**Dataset excerpt:**
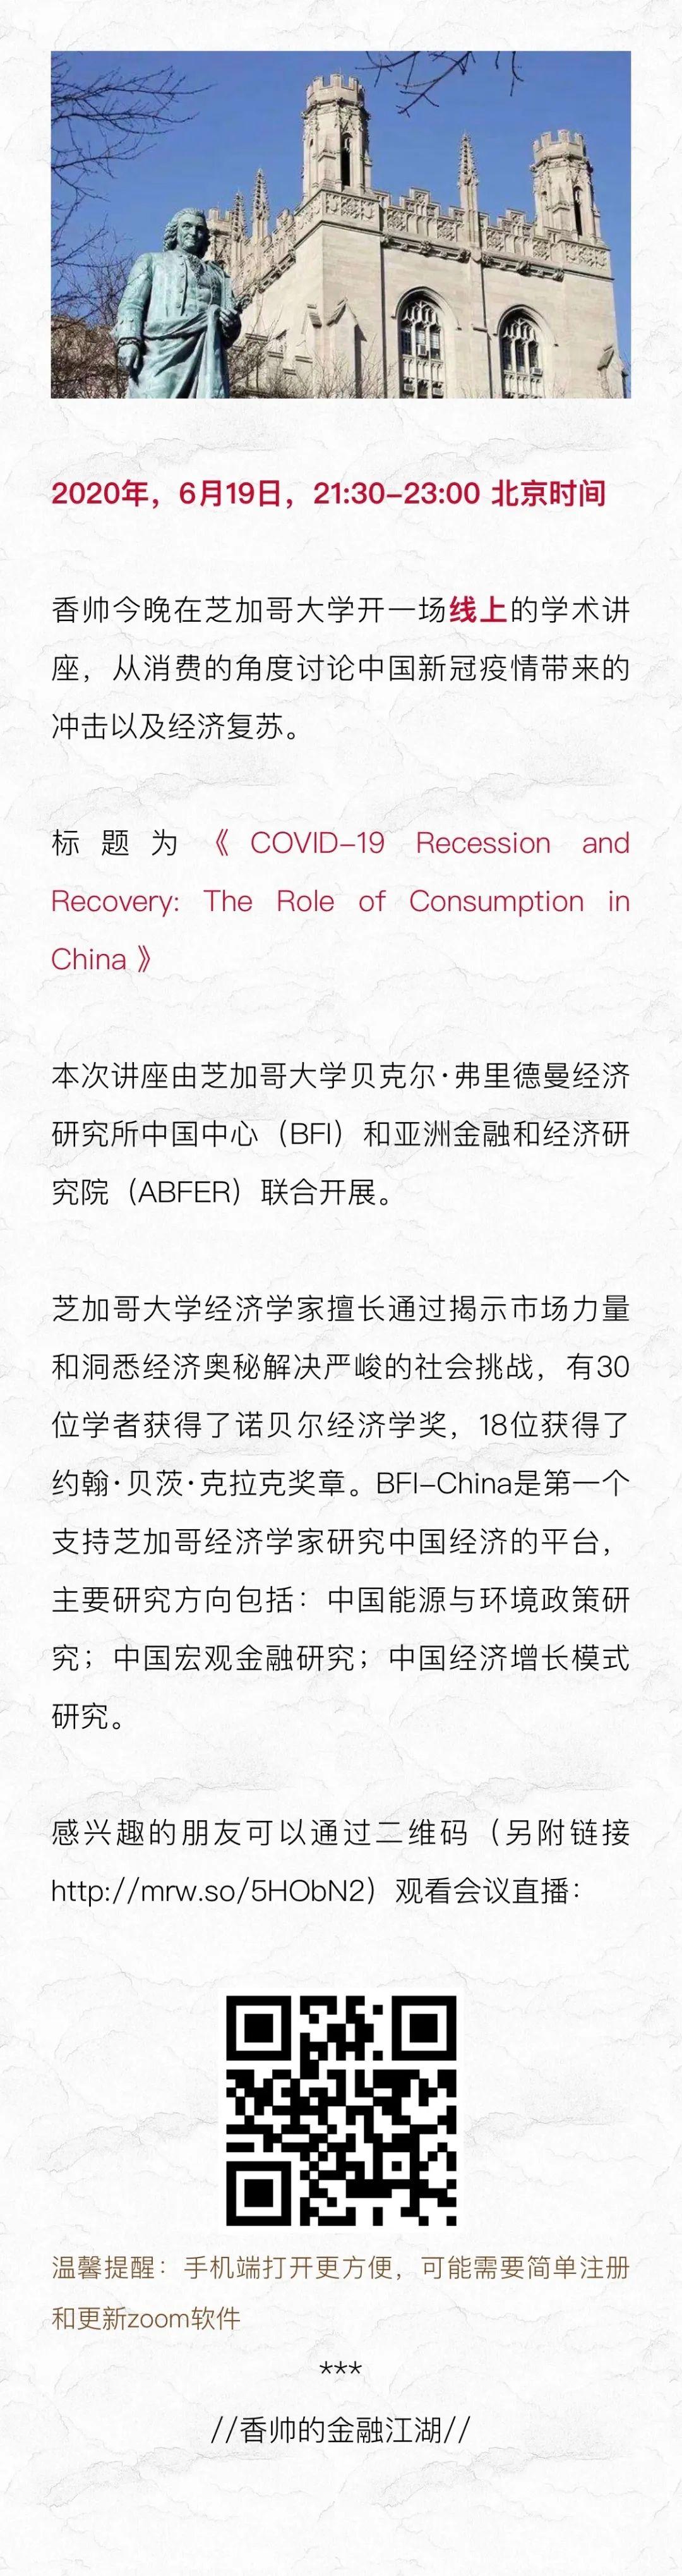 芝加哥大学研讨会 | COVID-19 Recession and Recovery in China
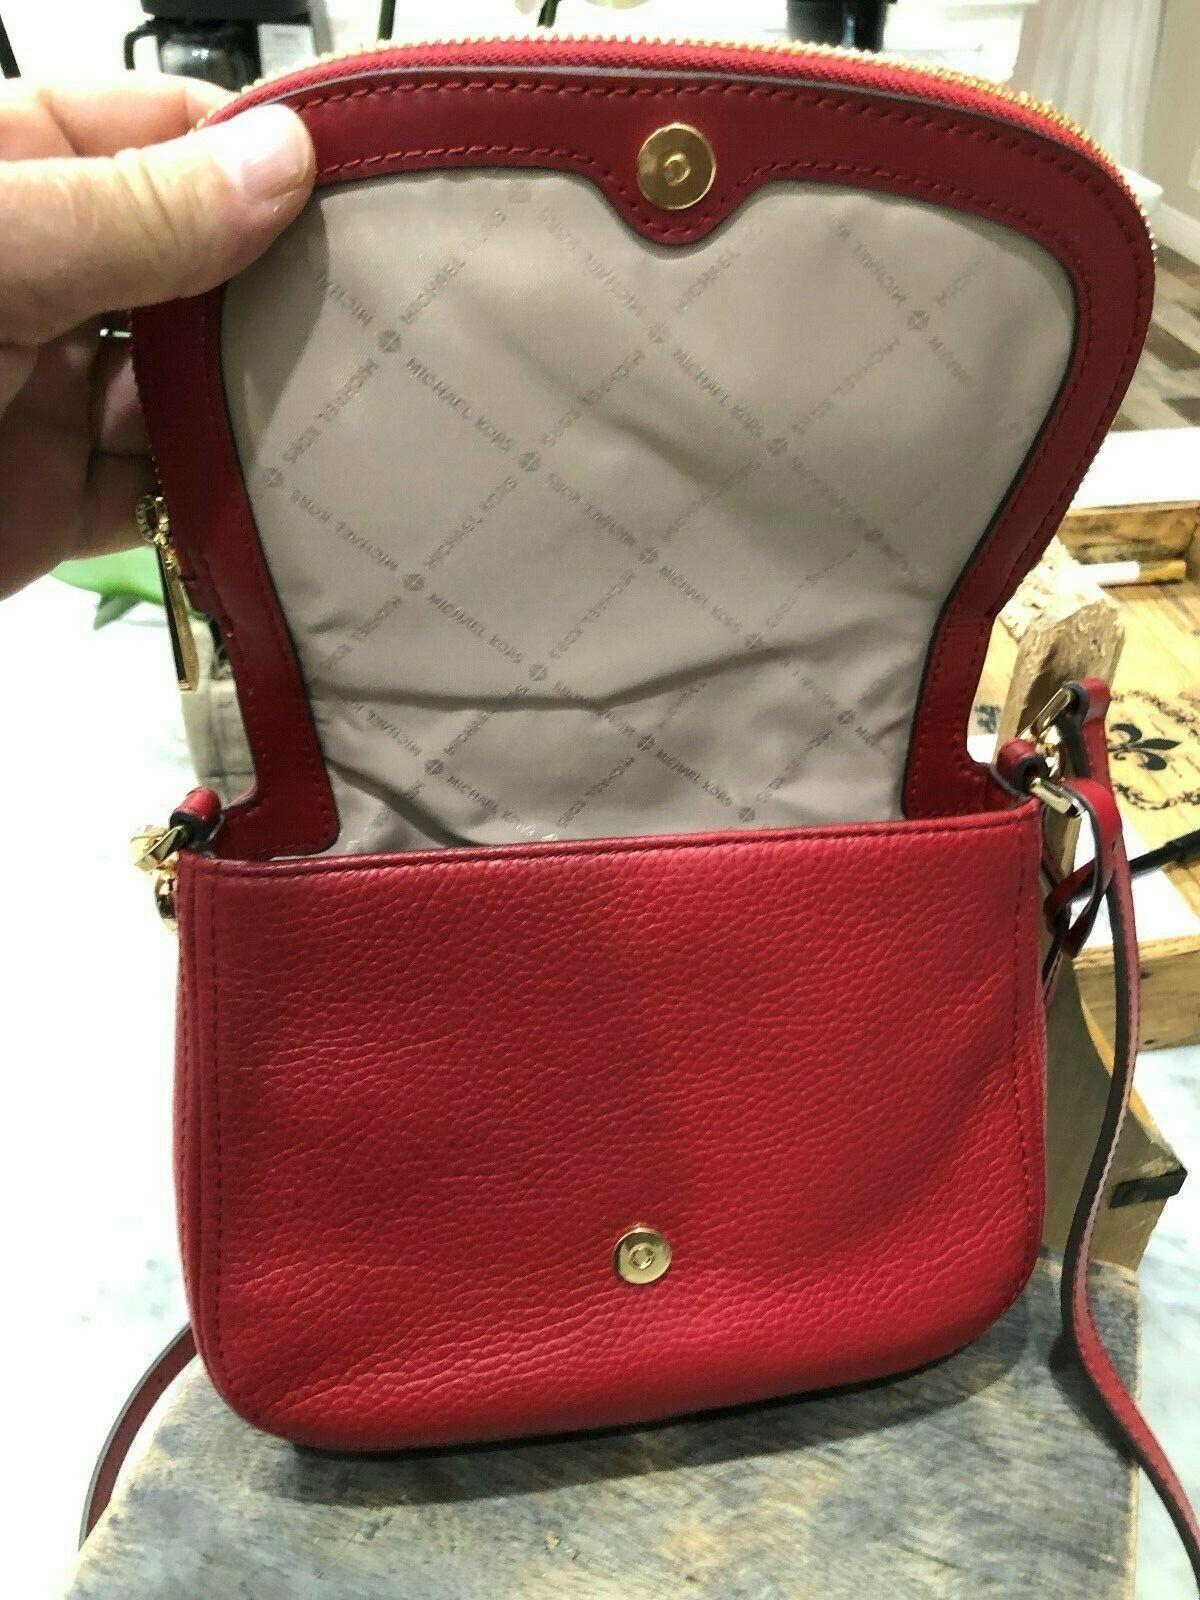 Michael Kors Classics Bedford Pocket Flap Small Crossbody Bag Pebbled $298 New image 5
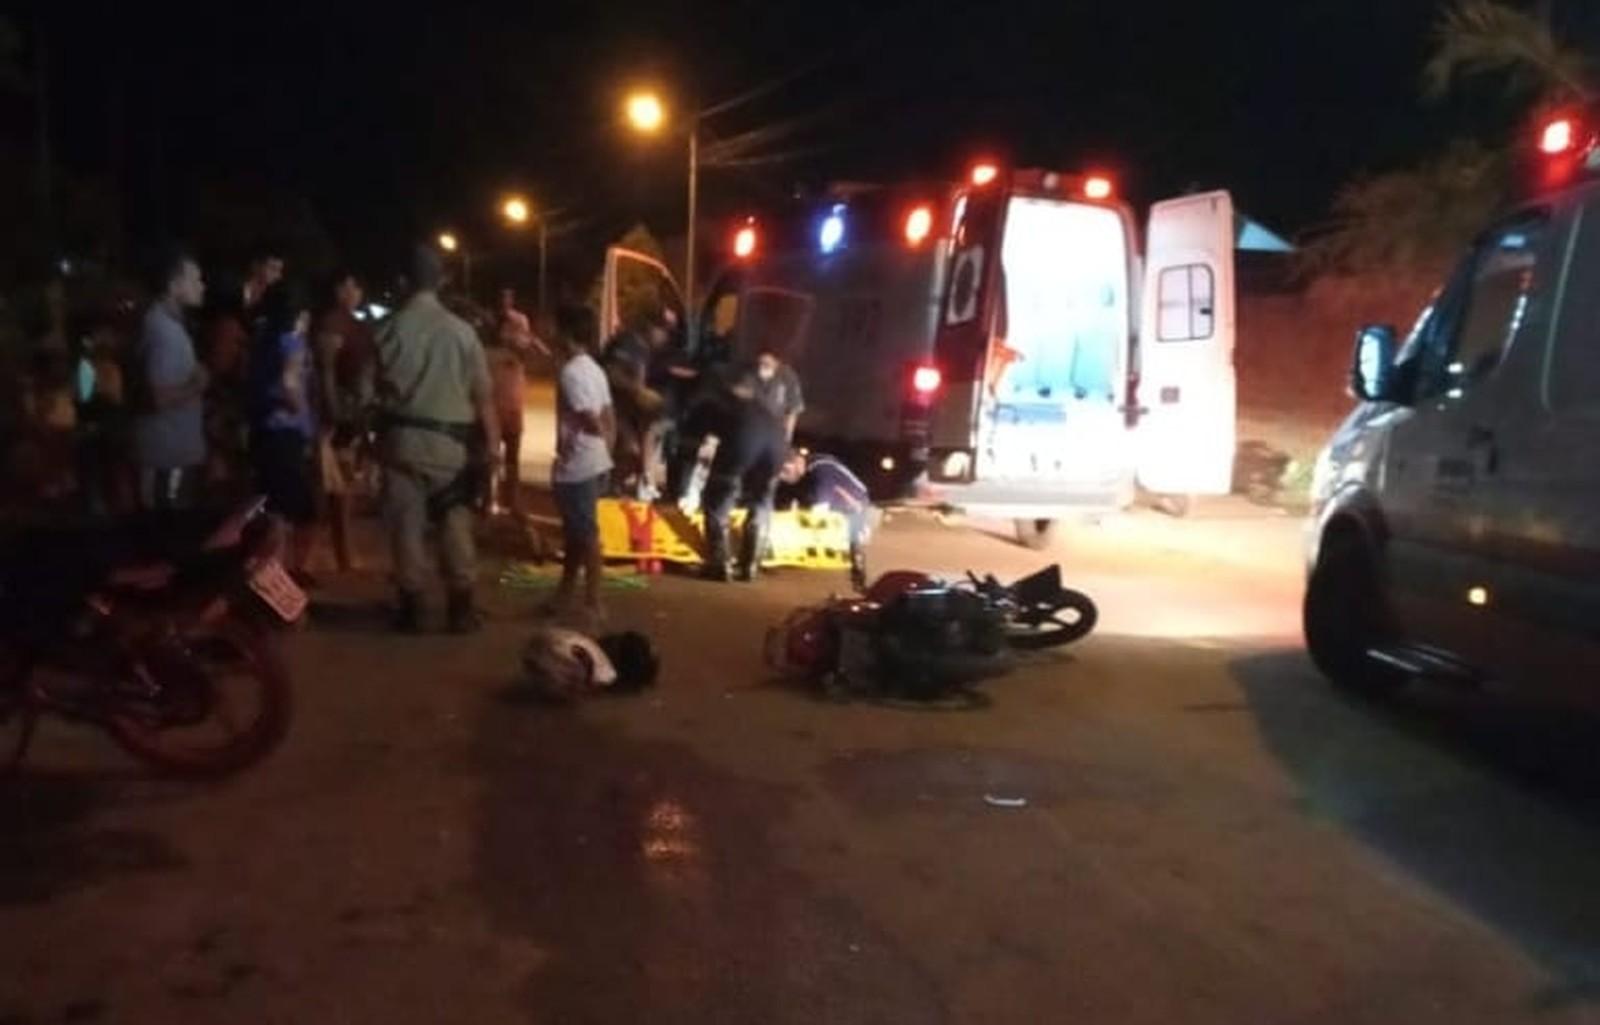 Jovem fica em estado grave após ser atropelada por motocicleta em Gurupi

**Exercise brief:** Reproduce the lines above exactly, please, but not the pictures in them.

**Exercise answer:**
 芝加哥大学研讨会 | COVID-19 Recession and Recovery in China
 Michael Kors Classics Bedford Pocket Flap Small Crossbody Bag Pebbled $298 New image 5
 Jovem fica em estado grave após ser atropelada por motocicleta em Gurupi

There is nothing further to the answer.